▶ _Your goal_
Copy out all of the lines below exactly; the pictures do not belong in the copy.

▶ _Given information_
—————

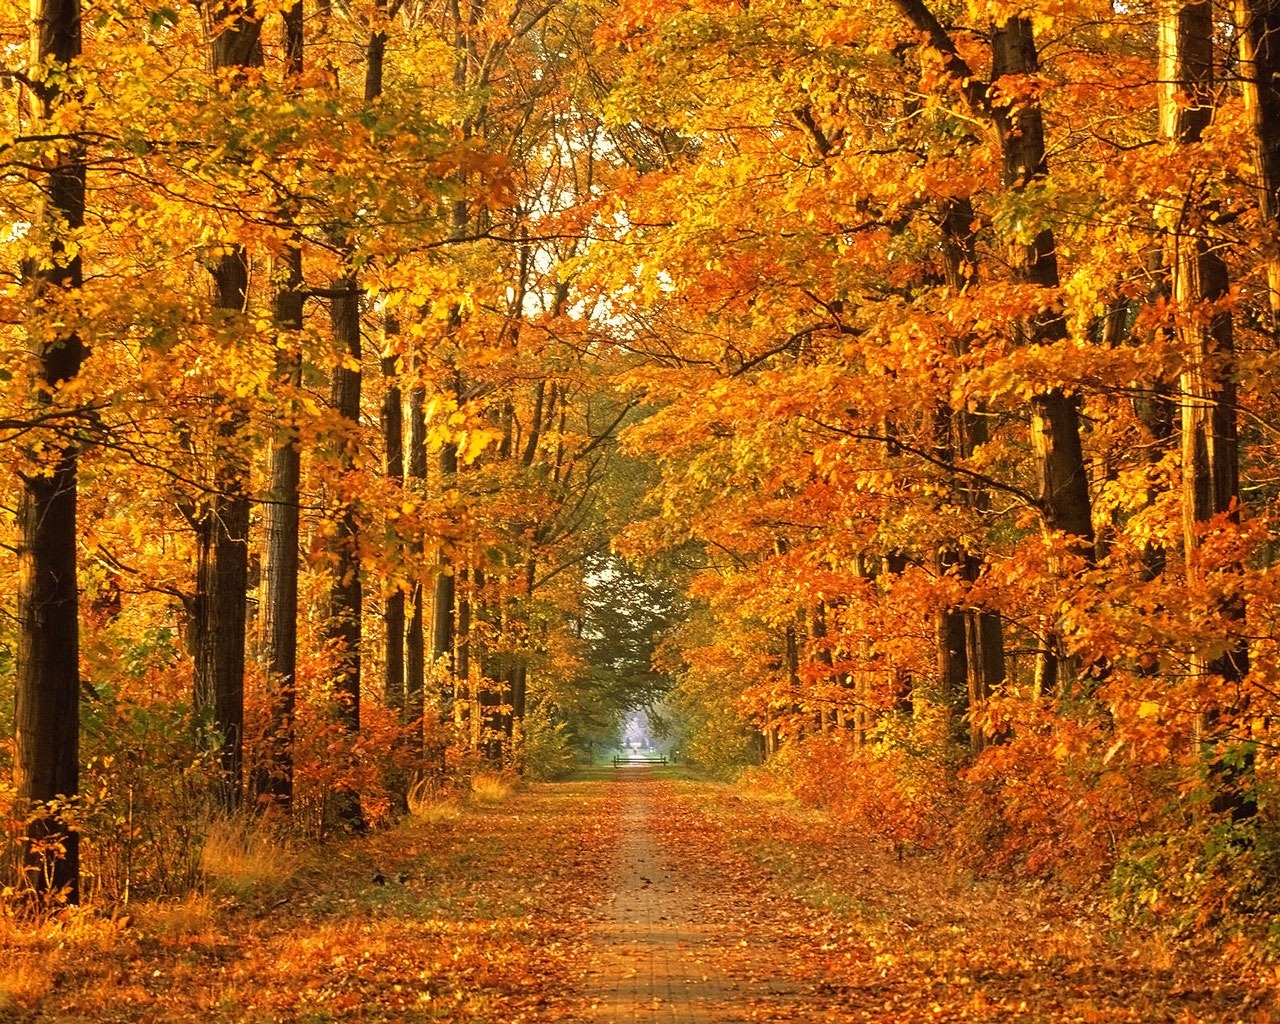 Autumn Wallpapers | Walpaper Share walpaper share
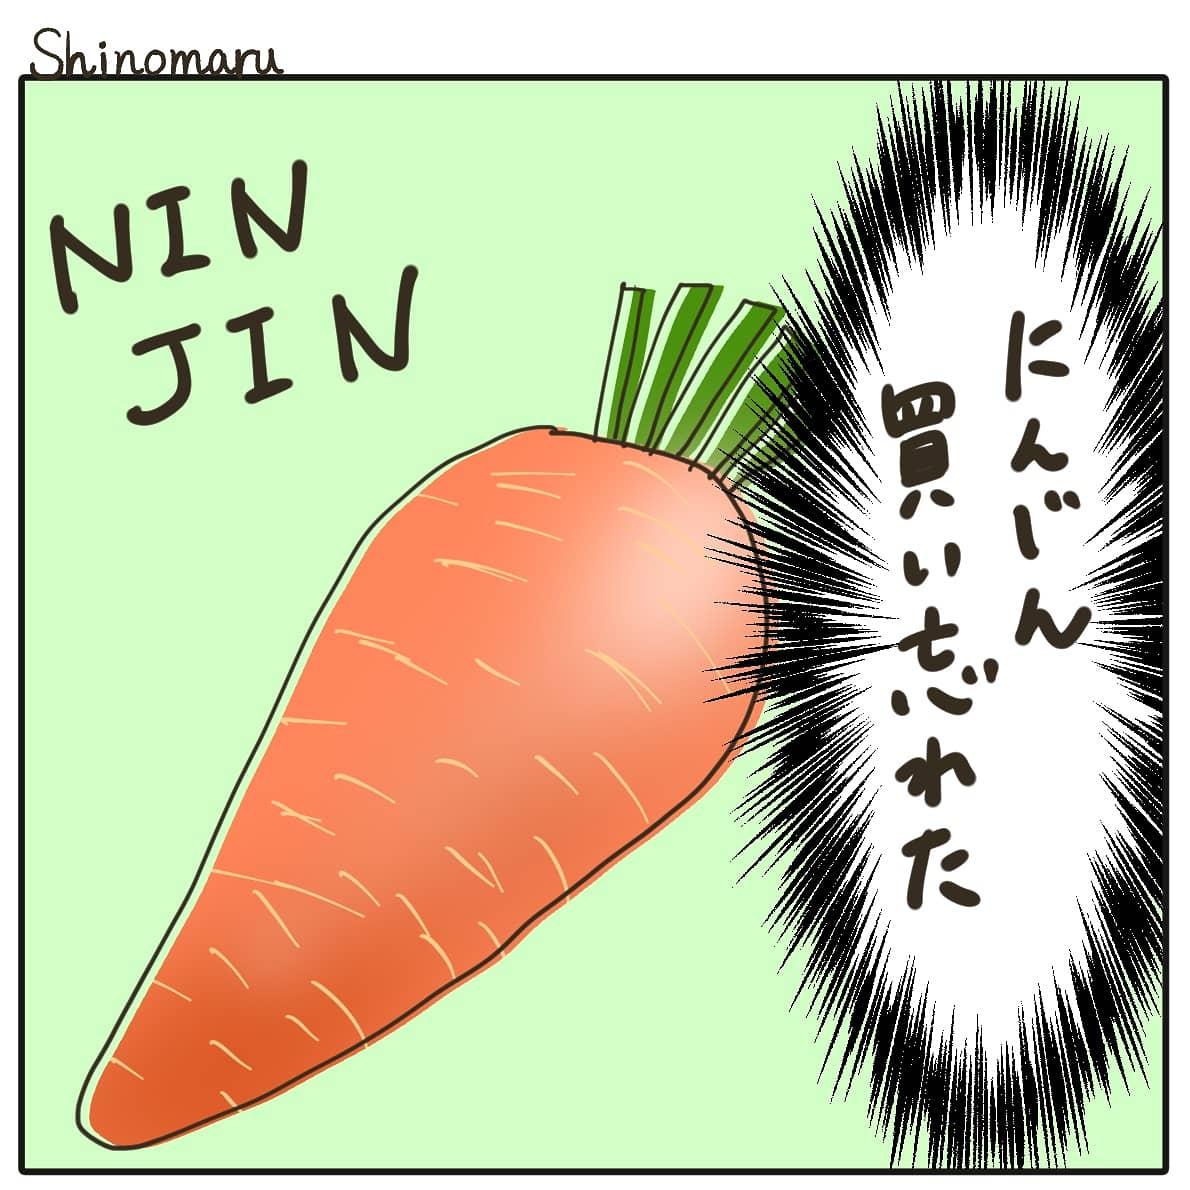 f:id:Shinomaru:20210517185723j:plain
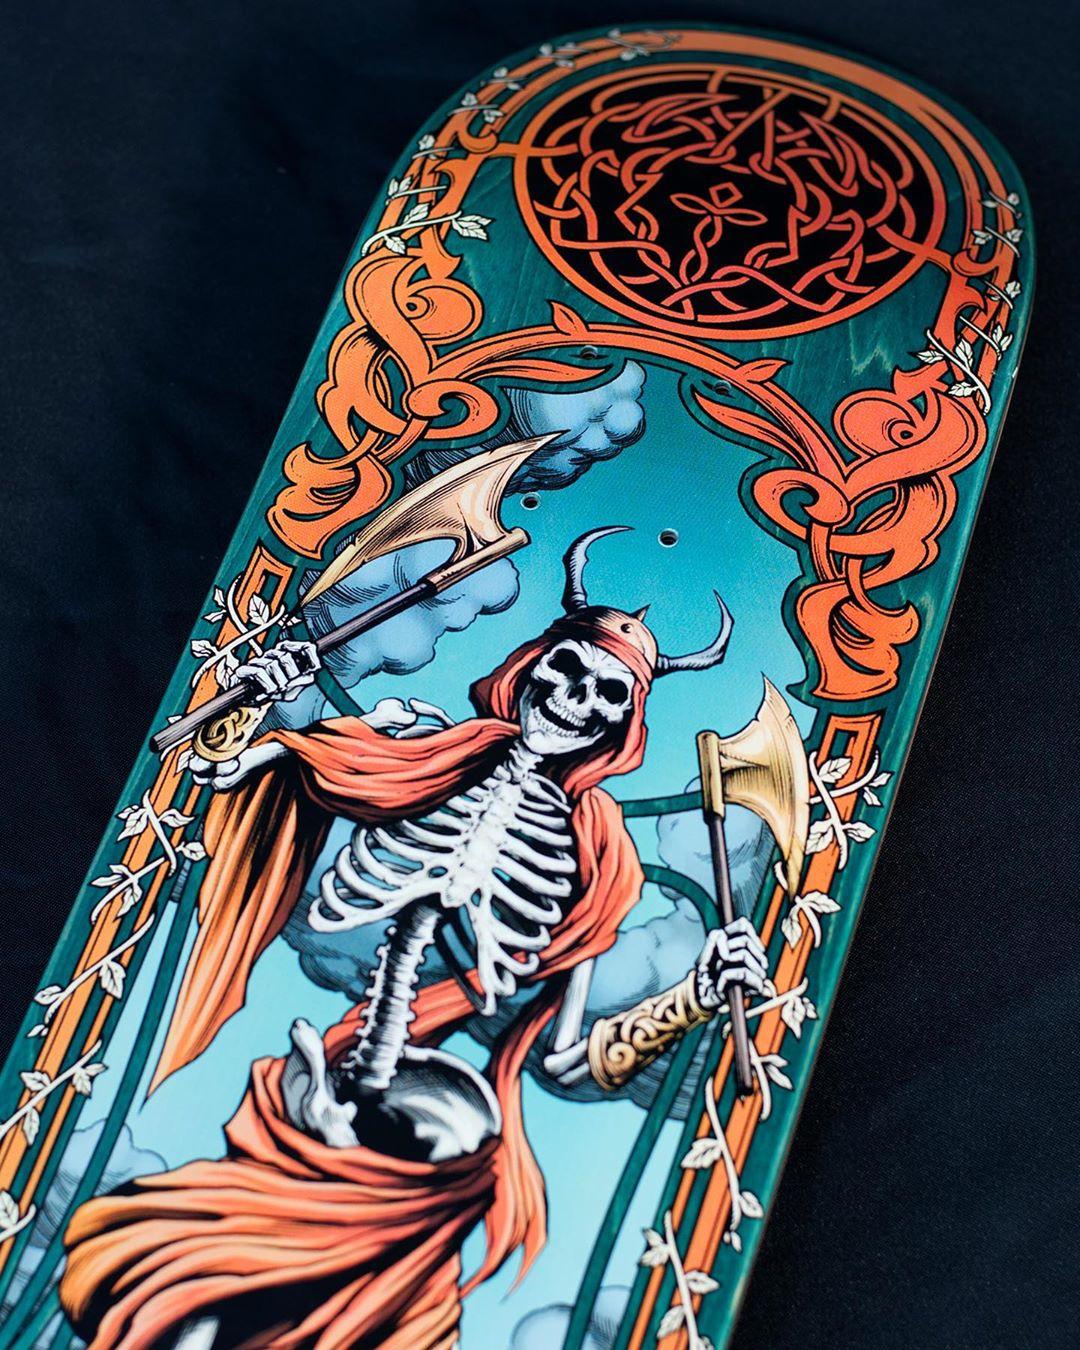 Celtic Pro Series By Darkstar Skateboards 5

—————

▶ _Expected answer_
 Autumn Wallpapers | Walpaper Share walpaper share
 f:id:Shinomaru:20210517185723j:plain
 Celtic Pro Series By Darkstar Skateboards 5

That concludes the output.